Although cosmic rays were discovered exactly one century ago, the most fundamental questions about them are still not answered, especially the origin and composition of ultra-high energy cosmic rays (UHECR). The Pierre Auger Observatory (PAO) is constructed with the goal of solving these mysteries. The PAO uses hybrid design and take advantage of both the air fluorescence and surface array technique. Since its debut in 2004, PAO has published several important scientific results. The most probable candidate for UHECR composition is proton or iron nucleus. The two candidates do show differences in both fluorescence detector (FD) signal and in the surface detector (SD) signal.

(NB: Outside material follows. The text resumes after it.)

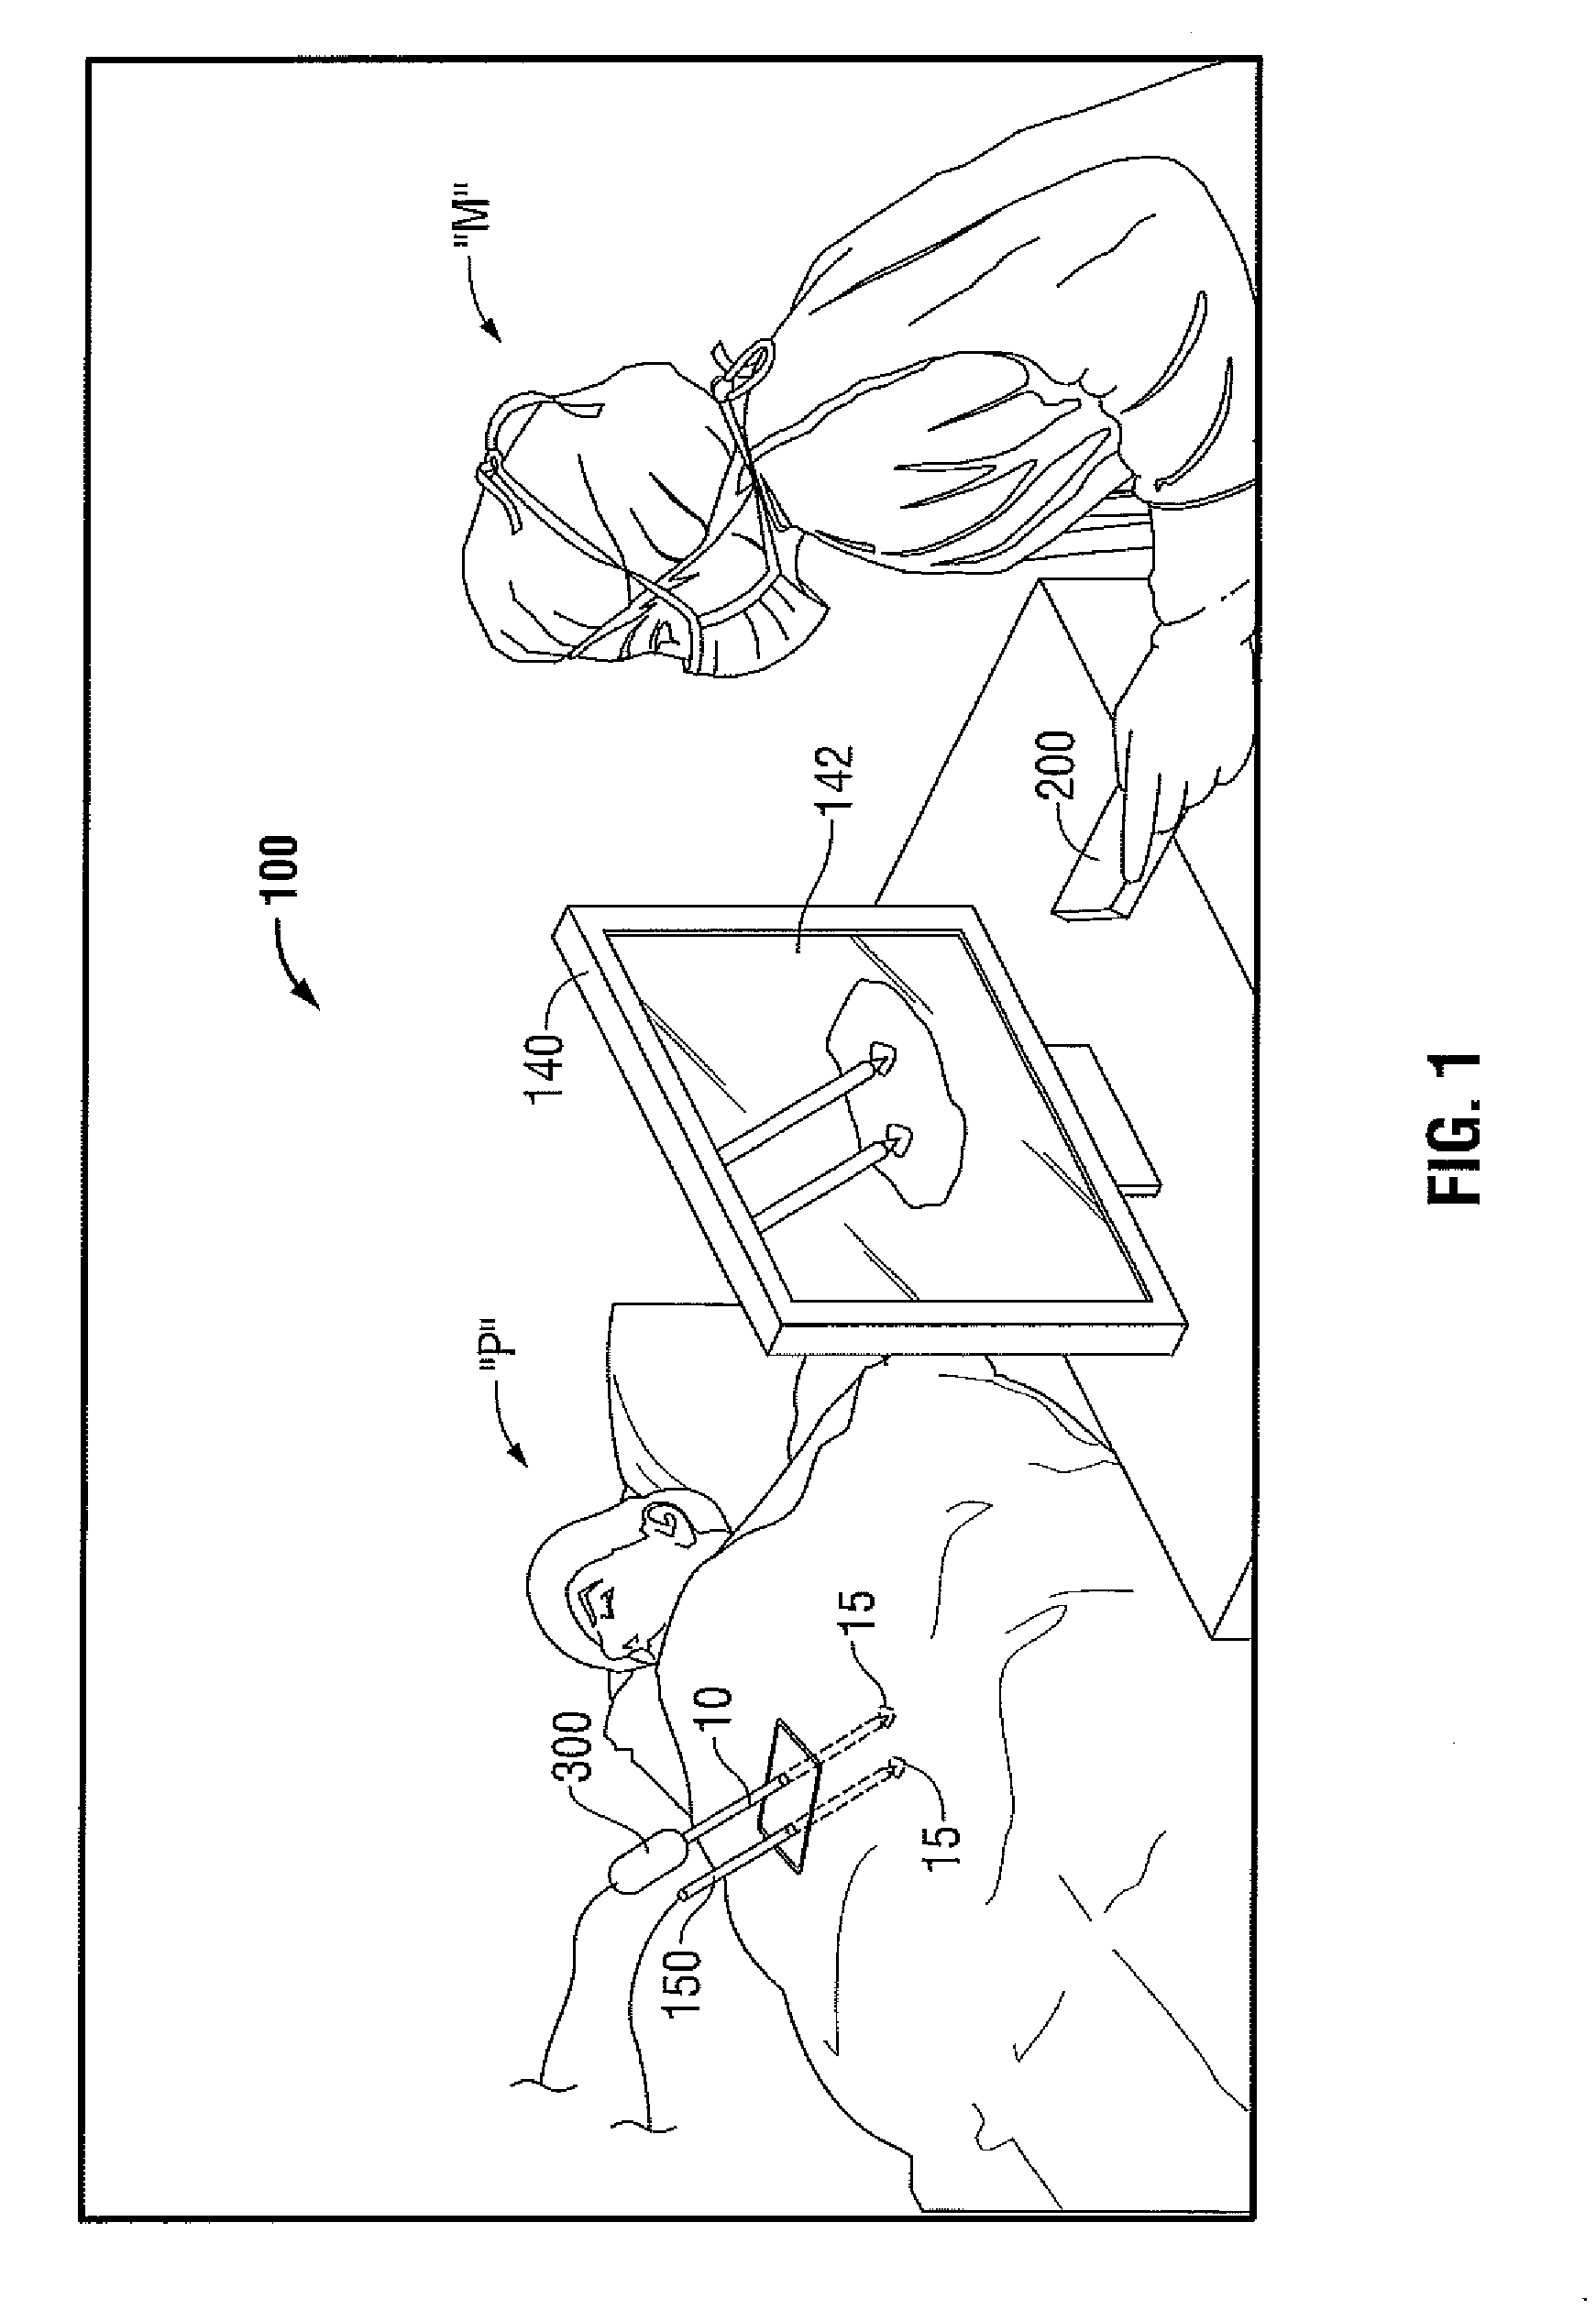 Apparatus and Method for Using a Remote Control System in Surgical Procedures

PAO has utilized the statistical depth of shower maximum information of FD signal to study the composition and suggests that the nuclear mass is getting heavier from 1 EeV to 10 EeV and beyond. The result does not come without argument. The Telescope Array (TA)'s result consists with a pure proton primary. One other possible solution to check these results is to study the SD signal since SD has a lot more statistics. According to Matthews' Heitler model, the proton and iron primary air showers show significant differences in the muon production, thus muon number is very sensitive to the cosmic ray primary composition. "Leading particle" physics - where one of the many particles emerging from a collision carries a significant portion of the energy - is a well-known and studied concept in high energy physics. It gives a lot of information about the hadronic interaction and yet to be studied in highest energies levels. It has two observables, a "double bump" longitude profile in FD and a "double shell" geometrical structure in SD. In this dissertation, I will describe new methods to identify leading particles and to count muons in air showers. These observations are then compared to simulations using several hadronic physics modeling schemes.